Yes I paid the surveyor's costs, and yes, I initiated reorganising the access and correcting the deeds. As the work went on the neighbour was so delighted the way things were turning out, he employed my digger driver for a few weeks more for his own improvements. He has also waited 3 years before raising this issue, when all the work is completed, and delayed settling the matter by years. I don't think either of us thought of this at the time however, and my solicitor did not highlight it. 

I will try to not let this issue spoil my enjoyment of my lovely home but I have lost all goodwill towards him and he has earned my everlasting antipathy, not that he could care. Sad that good neighbourly relations are worth so little.


----------



## Gerard123 (25 Mar 2016)

Is your only antipathy towards him only in connection with the legal fees?  

While I appreciate your views I really do think you need to stand back and ask whose responsibility are the legal fees? If they had been raised three years ago I think you would have accepted paying them. Is it the fact that they were overlooked at the time and took 3 years to be raised that is annoying? 

If it is the only matter them no reason to let it sour your relations?


----------



## T McGibney (25 Mar 2016)

There is no obligation on you to pay his legal fees. I would have expected in a mutually-agreed land swap, for each party to pay their own fees.
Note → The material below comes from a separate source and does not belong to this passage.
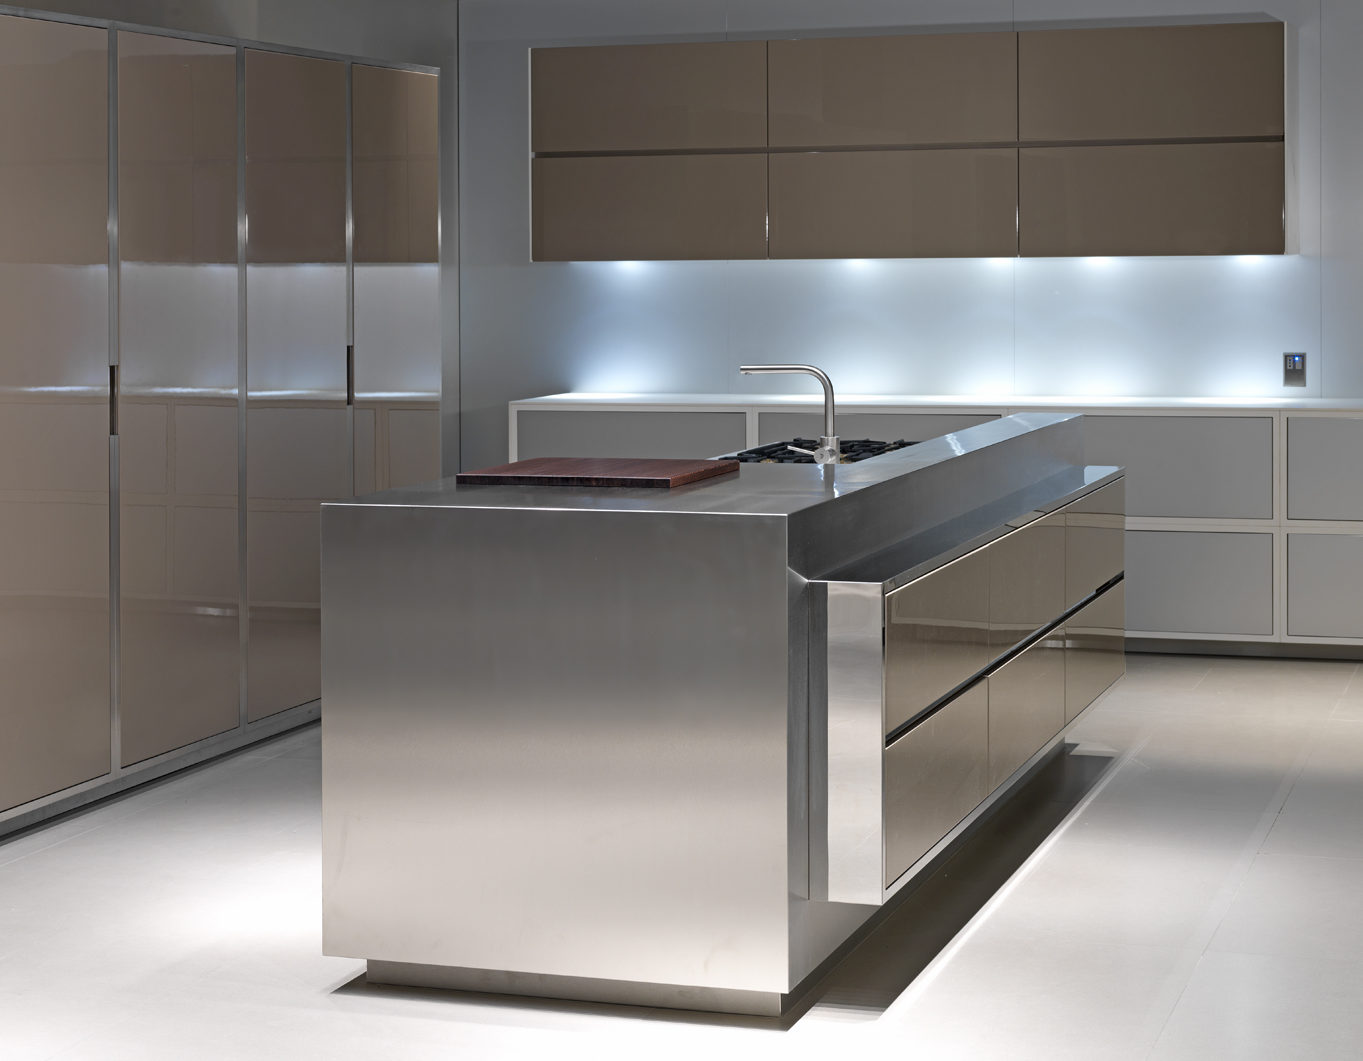 Strato_design_20.10_bespoke-kitchen-project-in-Milano_mat-stainless-steel_hig-gloss-lacquer-Tortora-colour_03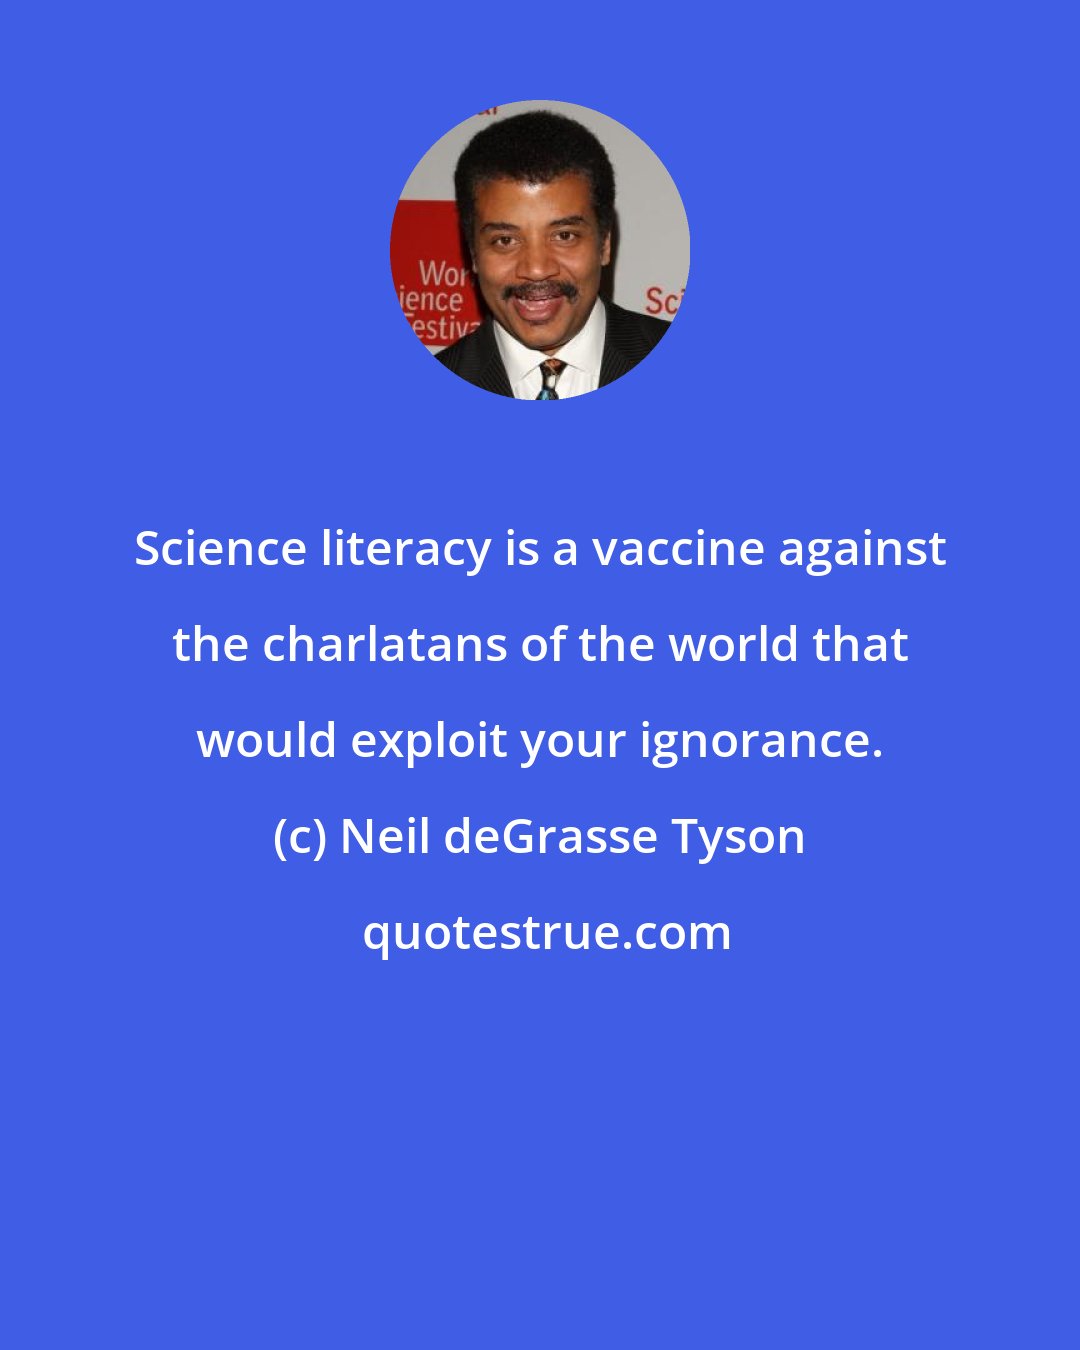 Neil deGrasse Tyson: Science literacy is a vaccine against the charlatans of the world that would exploit your ignorance.

Just because he has asked for them doesn't mean that you either have to accede to his request (but if you decline to pay, at least give him the courtesy of an explanation) or allow it to sour your relationship with him for the future. I fear that the latter would be a grave mistake on your part.


----------



## iloveashtrees (26 Mar 2016)

Thank you all once again for your sound advice. Now I can think rationally again I will try to negotiate and pony up the cash if I fail. Experience teaches me acting in haste or anger is the worst thing I can do. I'll let you know the outcome, but it may take a while...


----------



## iloveashtrees (28 May 2016)

Thank you all again for your advice, it was very helpful. 

When I had calmed down I asked my neighbour what was going on, and he genuinely didn't know. It seems his solicitor suggested this (as it is not an unusual arrangement) and he probably didn't hear as he is a little deaf. After considering the issue for a few days he called by and said he would pay his own fees, to my huge relief. 

Which only goes to prove a little faith and goodwill goes a long way. I am so happy we did not end up in dispute with each other. 

Thanks again!


----------



## Cervelo (28 May 2016)

Great to hear it all work out in the end and thanks for letting us know the outcome


----------